● Your assignment
Reprint the lines below as they are, minus the pictures.

● Dataset content
=== Begin Enclosure ===

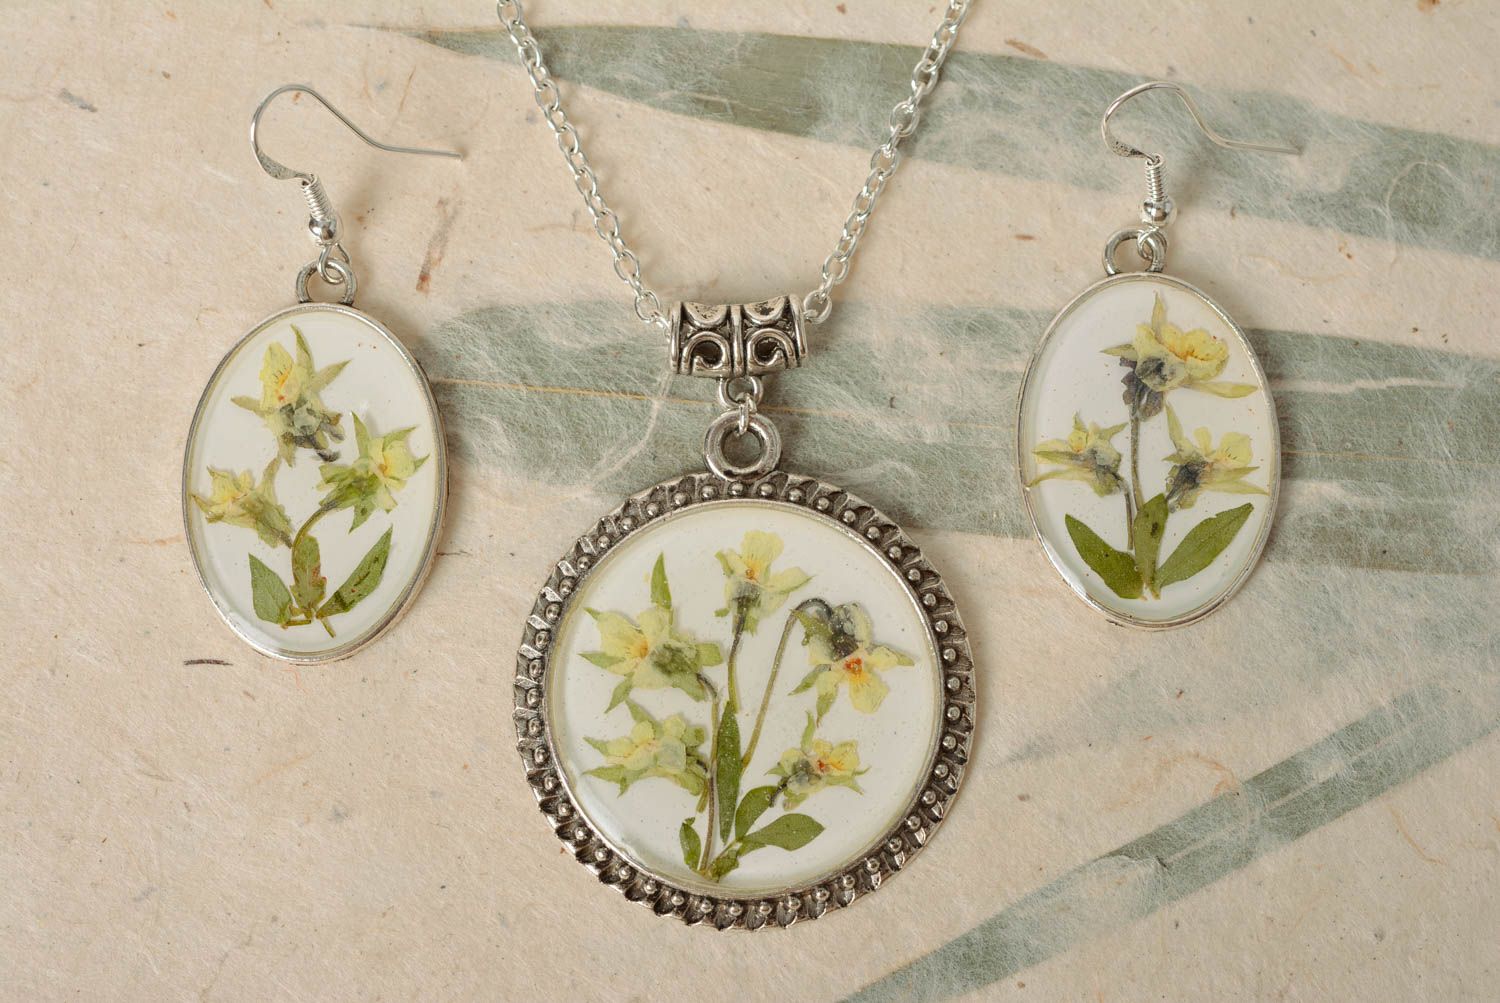 Handmade metal floral epoxy resin jewelry set 2 items necklace and earrings photo 1
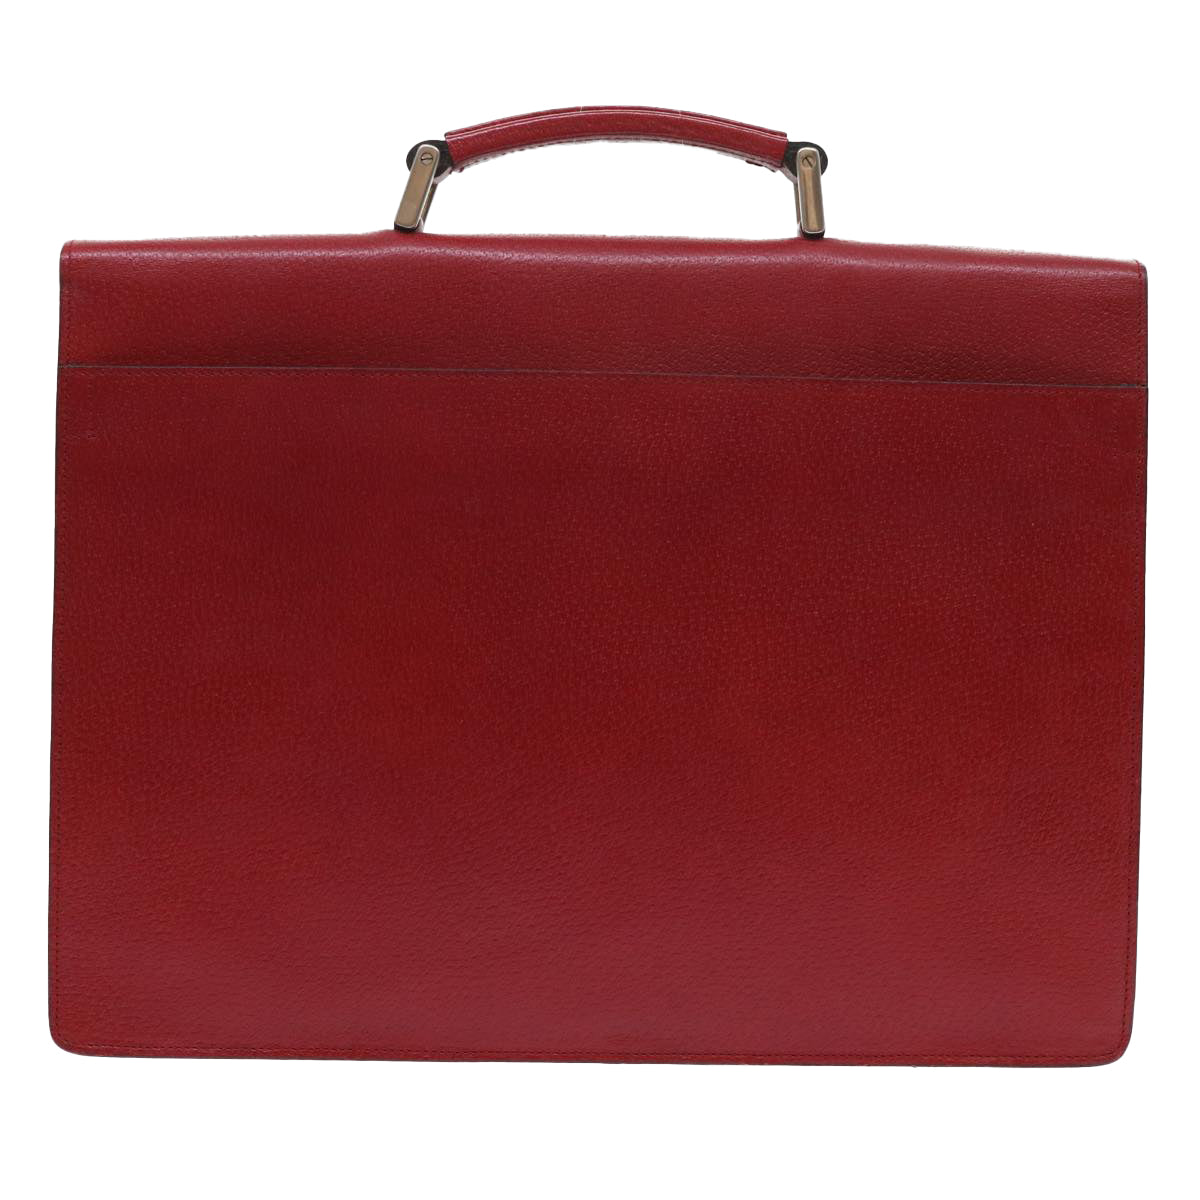 PRADA Business Bag Leather Red Auth bs8456 - 0
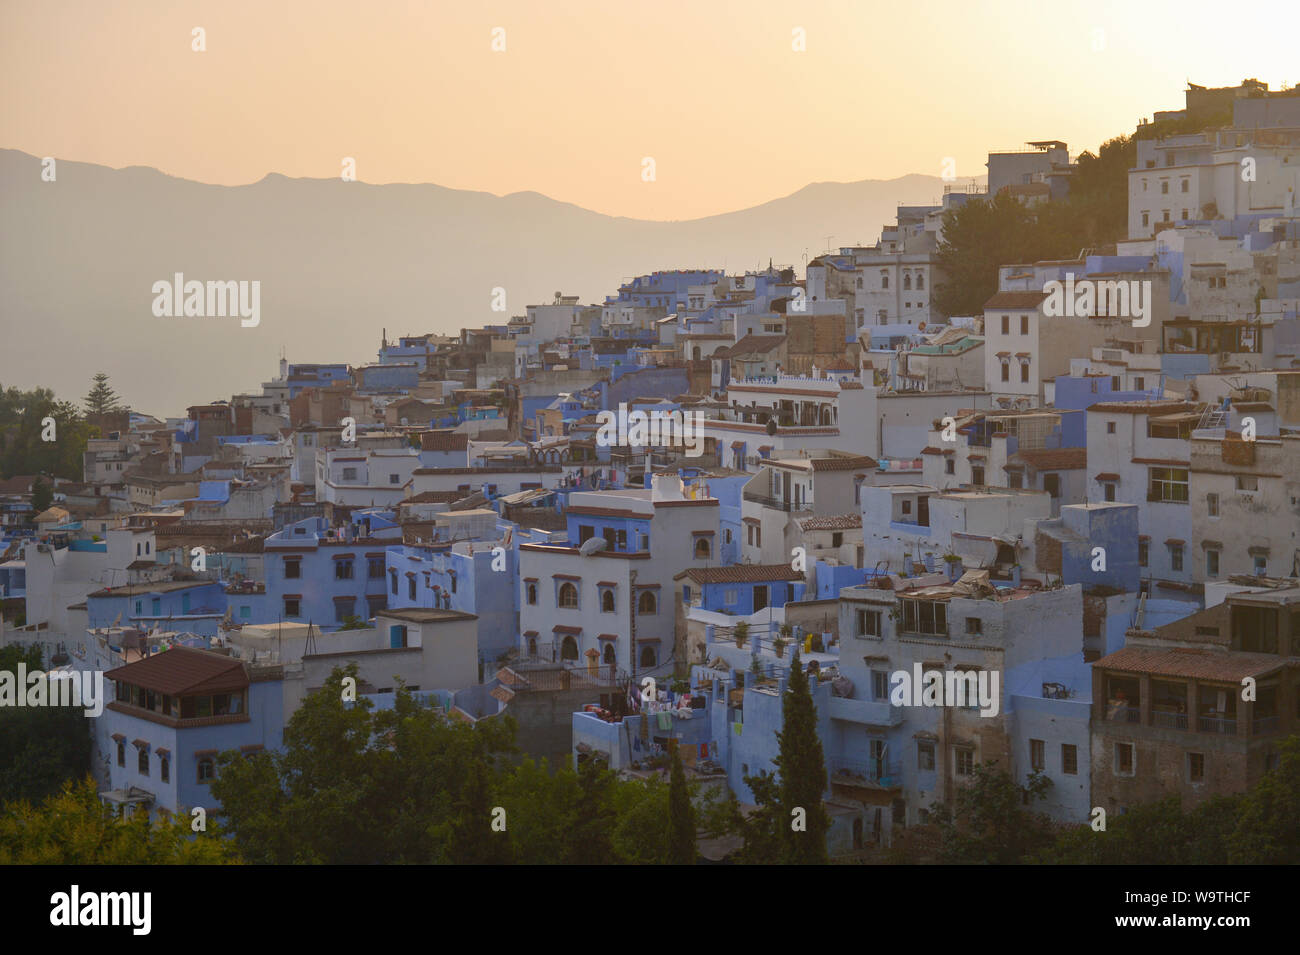 Cityscape at sunset, Chefchaouen, Morocco Stock Photo

=== End Enclosure ===

● Reply
 Handmade metal floral epoxy resin jewelry set 2 items necklace and earrings photo 1
 PRADA Business Bag Leather Red Auth bs8456 - 0
 Cityscape at sunset, Chefchaouen, Morocco Stock Photo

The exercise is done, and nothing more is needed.